> [Task details]:
Below are entries with pictures in them. Output exactly the lines starting at the line with "Storeyed house for sale in Bwebajja Wakiso" and ending at the line with "Sedia in Ecopelle", both included, but not the pictures.

> [Given data]:
******

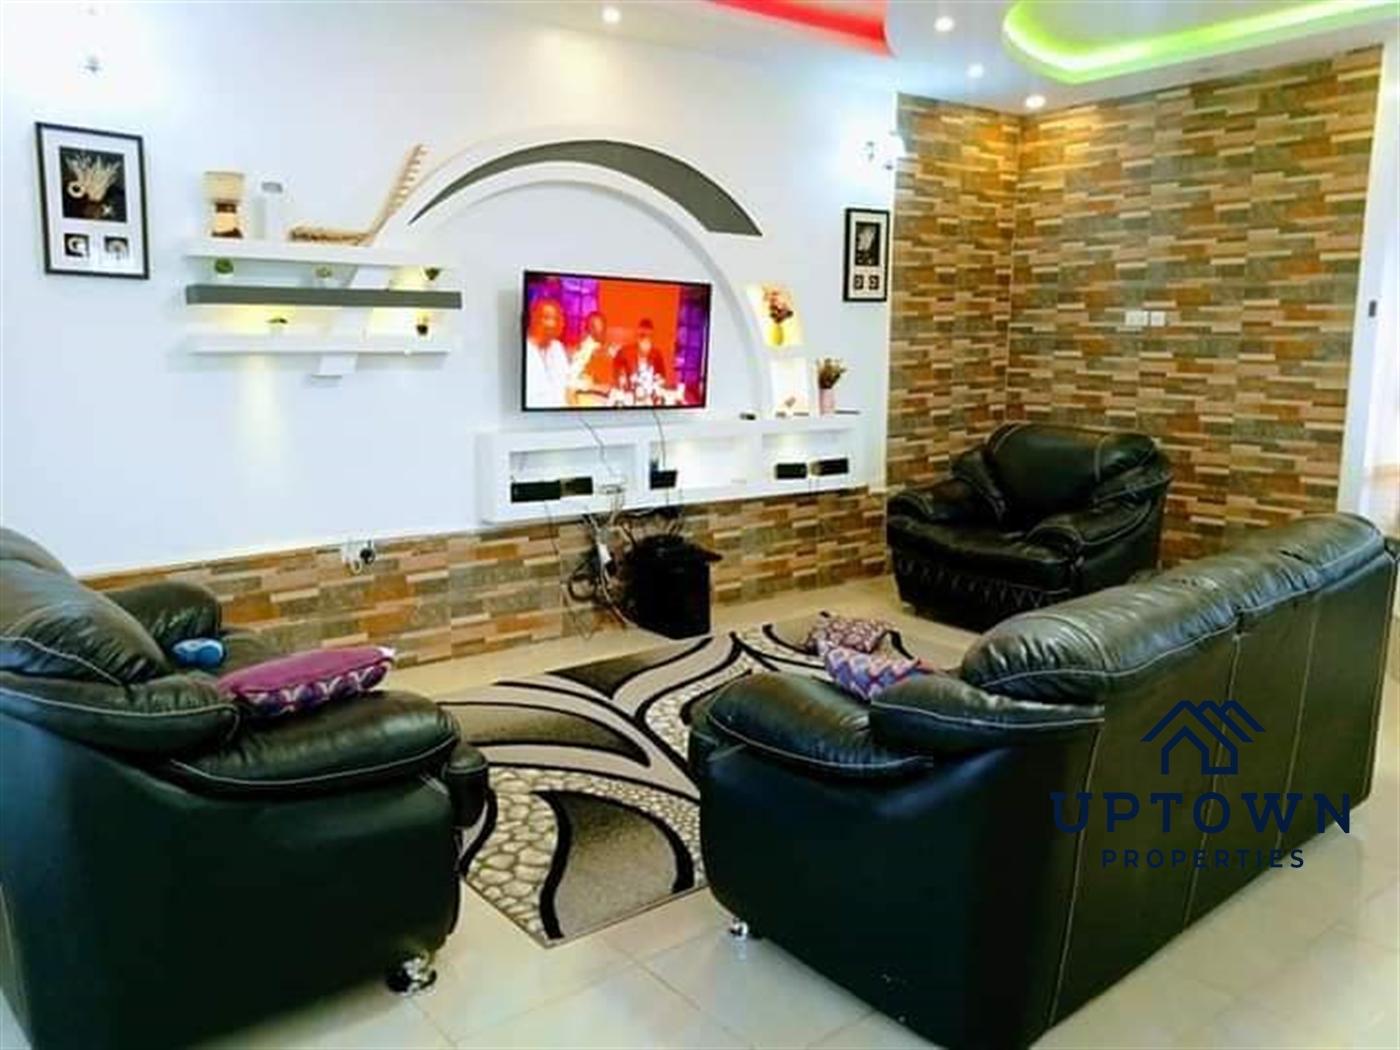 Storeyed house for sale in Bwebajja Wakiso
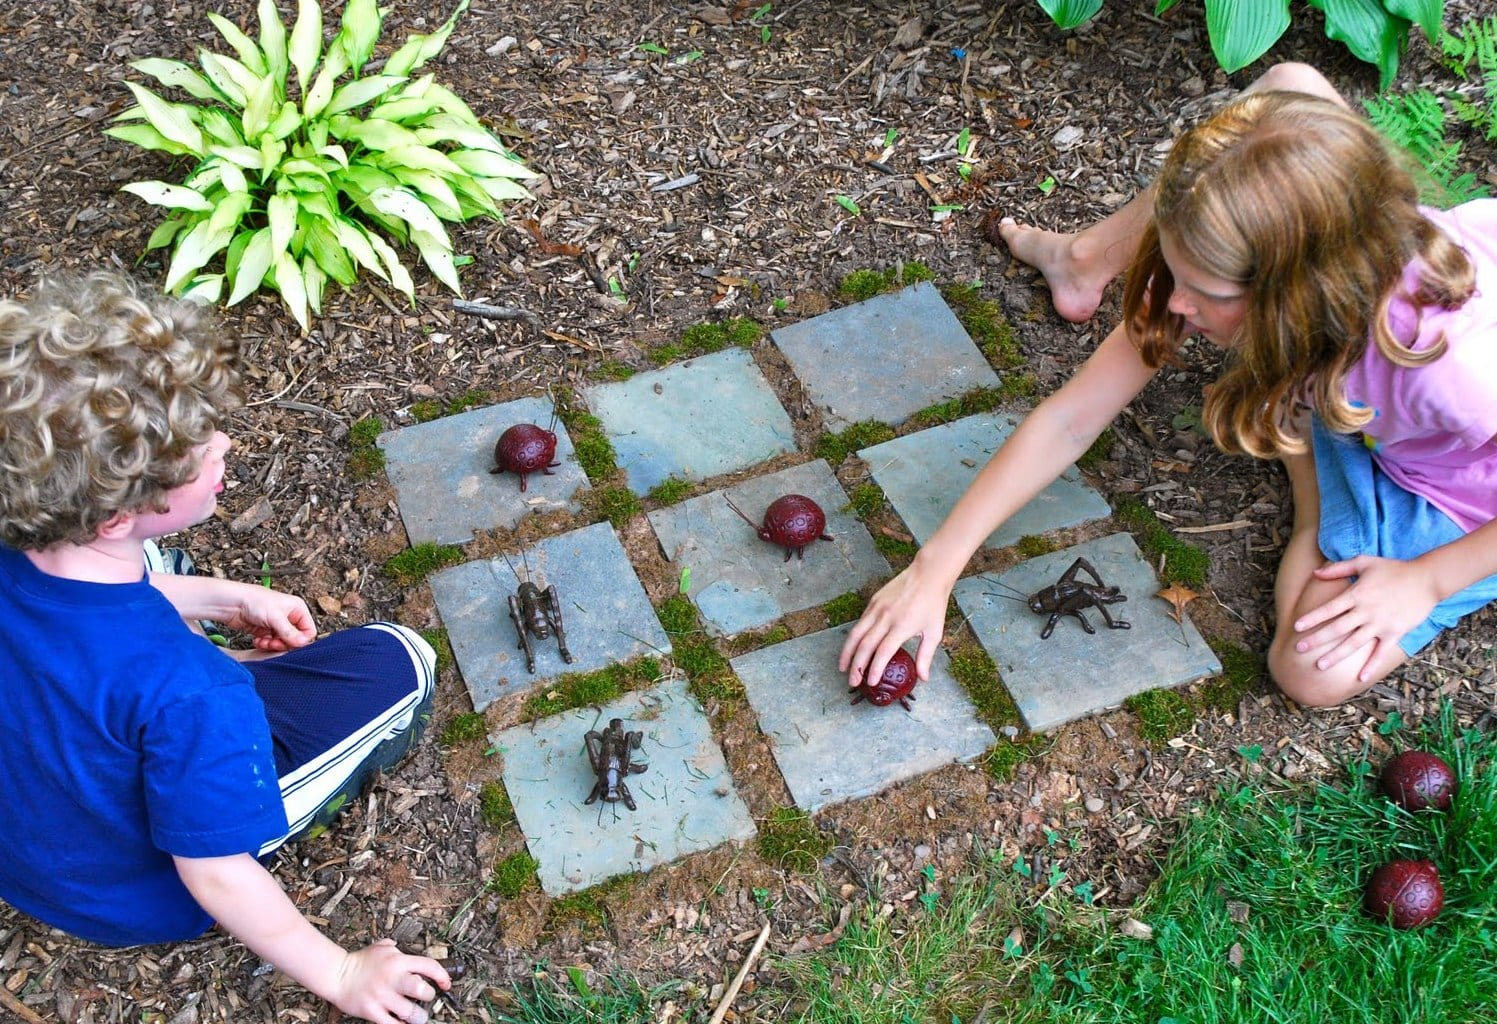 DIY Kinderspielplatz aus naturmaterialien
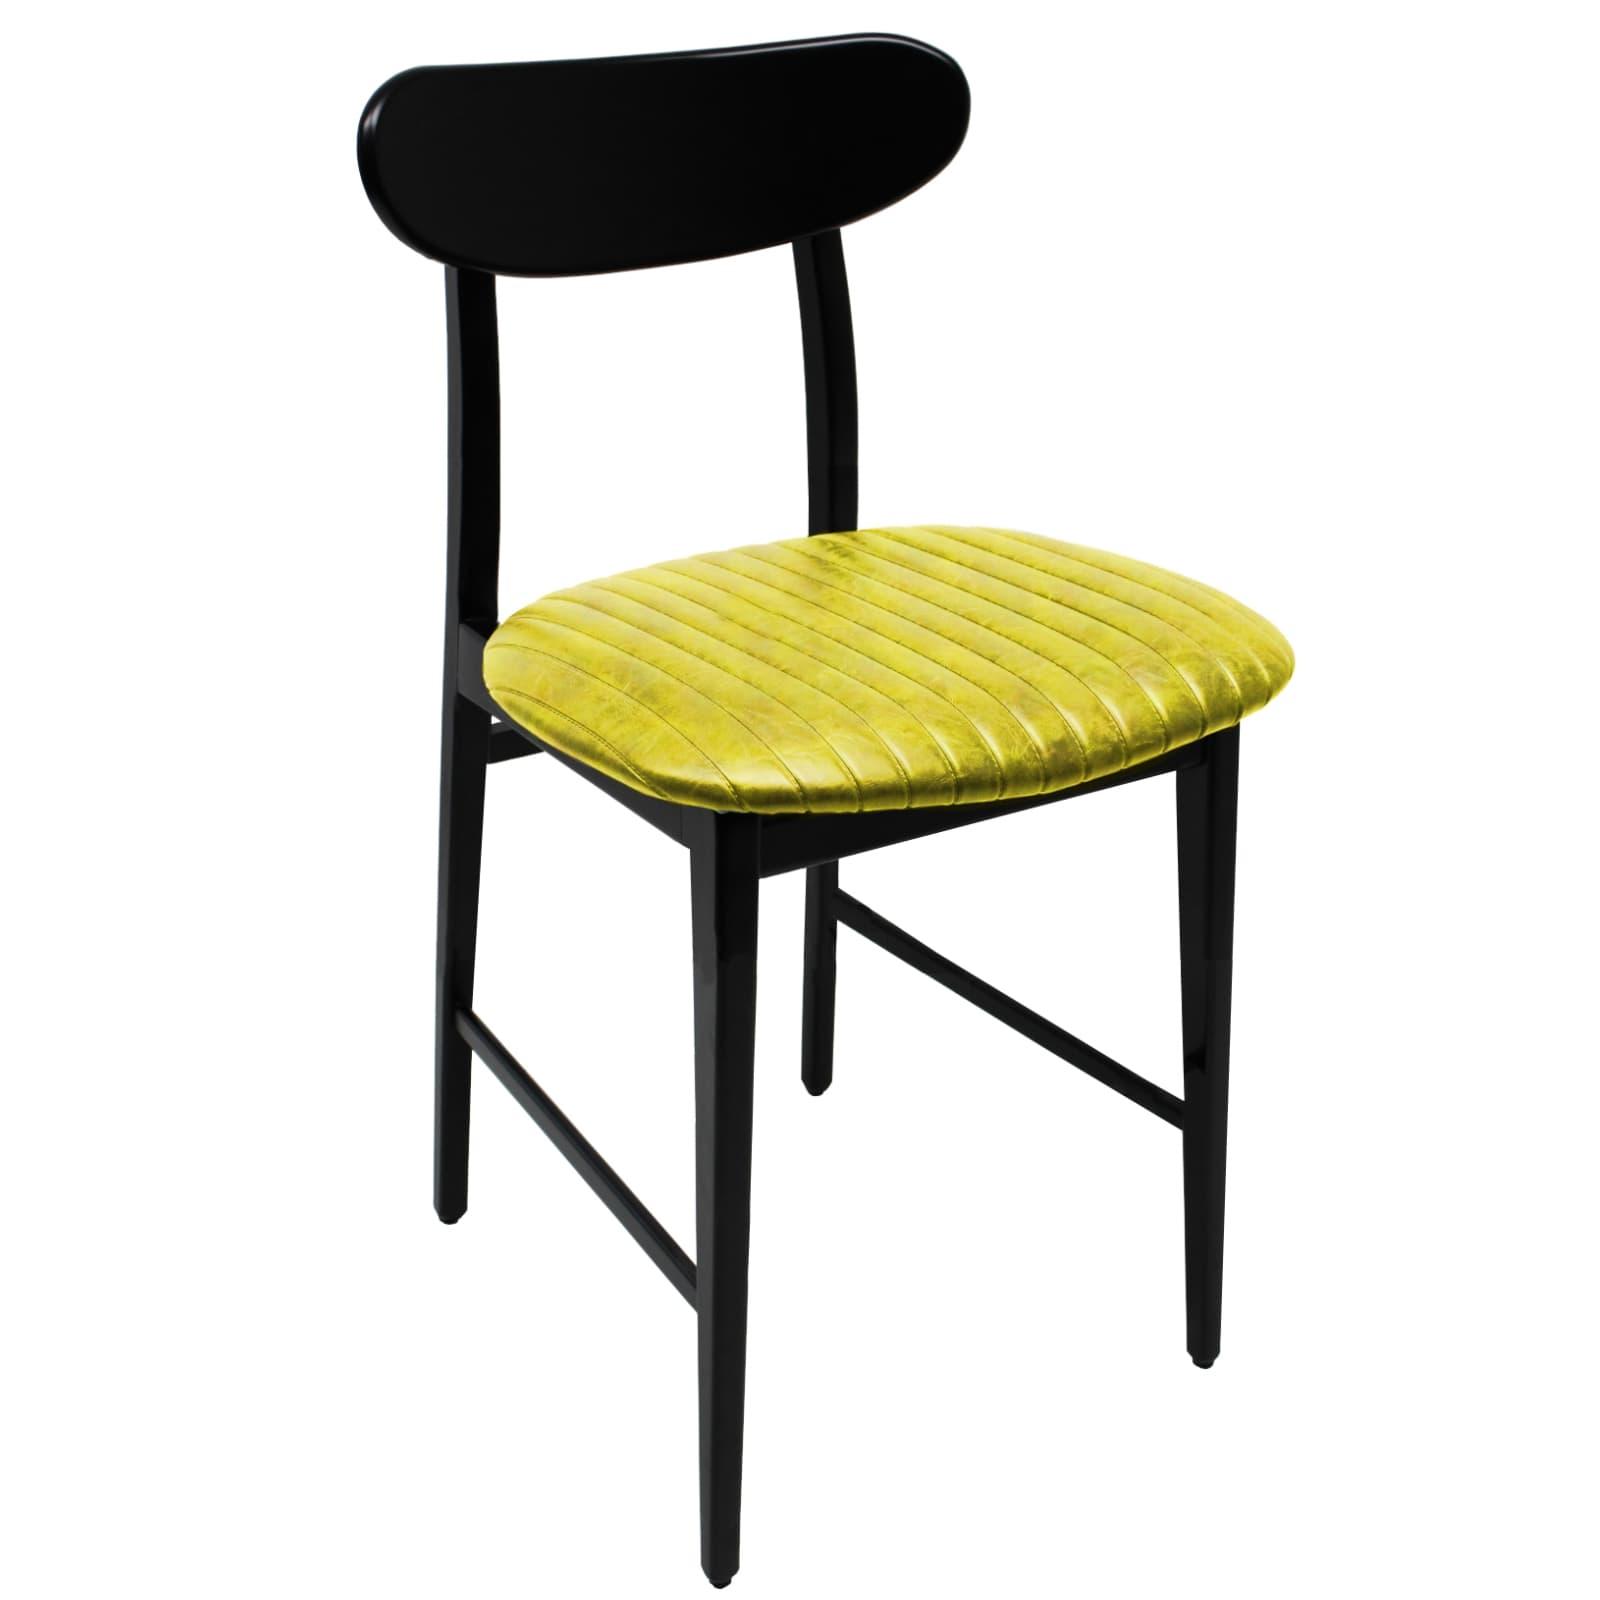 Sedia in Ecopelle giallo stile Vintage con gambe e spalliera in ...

******

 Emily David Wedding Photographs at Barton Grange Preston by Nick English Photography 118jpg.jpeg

******

> [Answer for the task]:
 Storeyed house for sale in Bwebajja Wakiso
 DIY Kinderspielplatz aus naturmaterialien
 Sedia in Ecopelle giallo stile Vintage con gambe e spalliera in ...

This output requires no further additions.